Open mratsim opened 3 years ago
So at first I thought it was setZero
used in parallel region and so that couldn't be parallelized or we would have too many threads.
But then for this script
import ../src/arraymancer
# Learning XOR function with a neural network.
proc main() =
# Autograd context / neuralnet graph
let ctx = newContext Tensor[float32]
let bsz = 32 # batch size
let x_train_bool = randomTensor([bsz * 100, 2], 1).astype(bool)
let y_bool = x_train_bool[_,0] xor x_train_bool[_,1]
let x_train = ctx.variable(x_train_bool.astype(float32))
let y = y_bool.astype(float32)
# We will build the following network:
# Input --> Linear(out_features = 3) --> relu --> Linear(out_features = 1) --> Sigmoid --> Cross-Entropy Loss
let layer_3neurons = ctx.variable(
randomTensor(3, 2, 2.0f) -. 1.0f,
requires_grad = true
)
let classifier_layer = ctx.variable(
randomTensor(1, 3, 2.0f) -. 1.0f,
requires_grad = true
)
# Stochastic Gradient Descent
let optim = newSGD[float32](
layer_3neurons, classifier_layer, 0.01f
)
# Learning loop
for epoch in 0..10000:
for batch_id in 0..<100:
# minibatch offset in the Tensor
let offset = batch_id * 32
let x = x_train[offset ..< offset + 32, _]
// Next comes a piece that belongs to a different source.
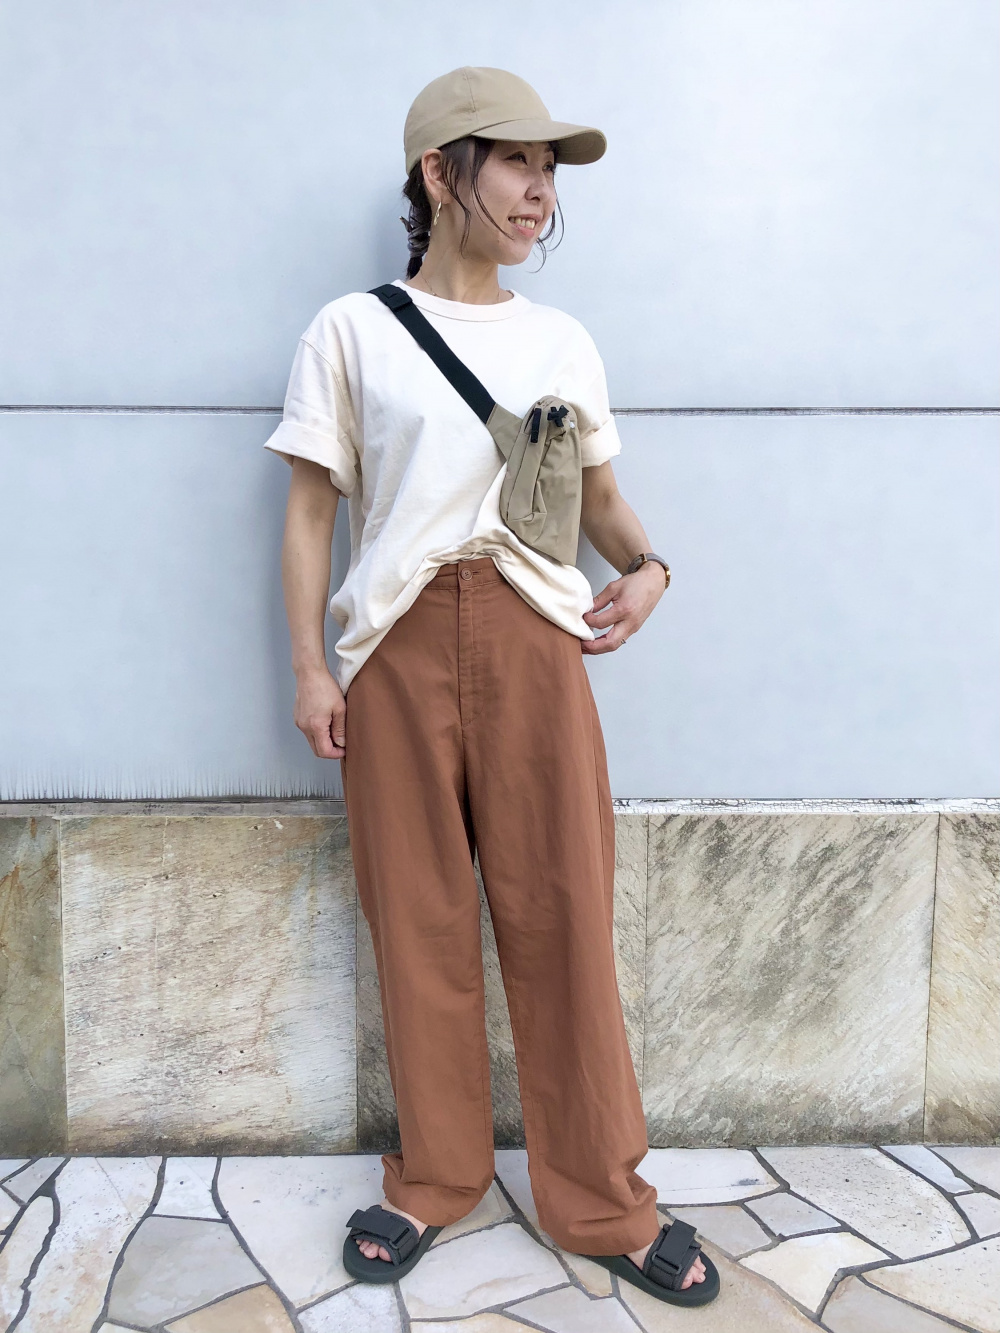 Check styling ideas for「AIRism Seamless Boat Neck Short-Sleeve

let target = y[offset ..< offset + 32, _]
# Building the network
let n1 = relu linear(x, layer_3neurons)
let n2 = linear(n1, classifier_layer)
let loss = n2.sigmoid_cross_entropy(target)
We have:
which I suspected might be due to nested parallelism here: https://github.com/mratsim/Arraymancer/blob/bdcdfe13e47d3f6e0c5247e16640e45982b83ecc/src/arraymancer/nn_primitives/nnp_sigmoid_cross_entropy.nim#L49-L51
but even rewritten with map-reduce fusion and ultimately serial we're still stuck in those barriers for seemingly no reason. https://github.com/mratsim/Arraymancer/blob/979f5d5894ec225220f4ec3c02d248a1b1eb7131/src/arraymancer/nn_primitives/nnp_sigmoid_cross_entropy.nim#L44-L57
Then seemed like copyFromRaw
was the biggest culprit left.
I'm unsure if the issue is in misuse of OpenMP parallel sections or tied to OpenMP design but we are clearly reaching its limits. I suspenct Facebook came to the same conclusion in PyTorch and introduced their C10 threadpool or Halide with their custom threadpool.
AKA, we likely need to introduce Weave sooner than later as OpenMP doesn't cut it and is also hard to debug/profile (and a pain to install on Mac).
The following bench, reduced to only call
linear
which is just a thin wrapper around BLAS, takes 1.6s without-d:openmp
and 15s with-d:openmp
It seems like the machine stalls on OpenMP barriers. Also it seems like the more core you have the more problematic it is.